Scottish Fishermen Threaten to Block Sturgeon’s Attempts to Keep Scotland in the EU

A Glimpse Inside A Fishing Trawler During Scotland's Doors Open day
Jeff J Mitchell/Getty Images

Scottish fishing industry leaders have clashed with the Scottish Government over Nicola Sturgeon’s plans to keep Scotland within the European Union (EU), warning that they will fight all efforts to do so.

While the Scottish people voted 62 per cent to 38 per cent to stay in the EU, making it the most Europhile of the four United Kingdom nations, the fishing industry was almost unanimously opposed to the UK’s continued participation in the bloc.

They were unafraid to say so during a meeting between the Scottish Fisherman’s Federation (SFF) and the Scottish rural economy secretary, Fergus Ewing, at Holyrood yesterday, The Guardian has reported.

Indeed, the gulf between the two parties was underlined when the SFF refused to sign a joint statement with Mr. Ewing, preferring to issue their own statement following the event stating that there had been a “significant divergence in our approach to EU membership”.
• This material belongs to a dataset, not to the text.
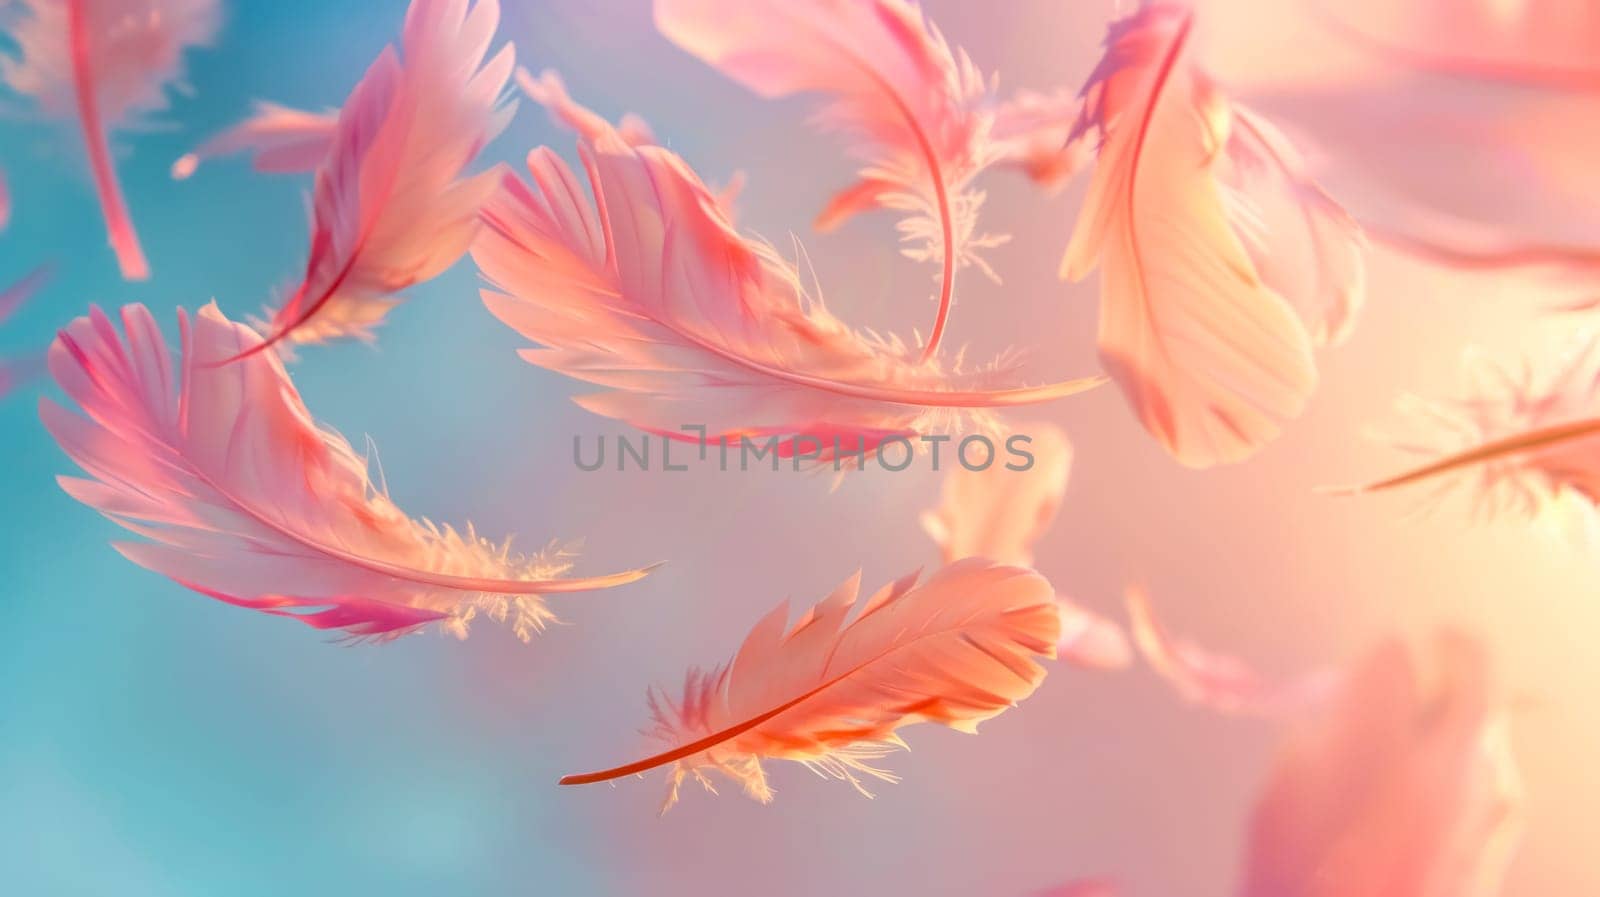 Soft-focus feathers gently drift in a serene pastel-colored background

Bertie Armstrong, SFF chief executive, said: “We outlined to the Minister the unanimous view of our membership of the real and positive opportunities that leaving the EU would bring to our fishing communities.

“The minister listened carefully to our points of view and we both acknowledged that there was a significant divergence in our approach to EU membership. However, there was also recognition from both parties of the need to maintain close dialogue and a good working relationship.”

The fishing industry is particularly keen to avoid becoming a bargaining chip during Brexit negotiations, and is moving to ensure that leaving the Common Fisheries Policy, which has decimated Britain’s fishing industry, is included in the final result.

“In effect, much in the same way as how our oil and gas sector benefits from the UK’s territorial reach, [leaving the EU] brings the opportunity of making Britain the controlling partner in the northern continental shelf where we would be able to exert a positive influence on the way that fisheries are managed, working with other nations in a partnership approach,” Mr. Armstrong said.

Mr. Ewing recognised that there were differences in approach, but has said that he is keen to keep the fishing industry within talks on the way forward.

“I recognise that differences exist between the Scottish government’s desire to explore all possible options to protect Scotland’s place in Europe and the SFF’s position,” he said.

“It is vital that we seek a better mutual understanding of what those differences mean in practical terms. It is also important for us to carry on and address immediate and short-term issues, and I am pleased that we will continue to engage on those.

“I have assured SFF that I will continue to champion [the] Scottish fishing industry’s interests, despite the huge uncertainties we now have, and intend fully to do so.”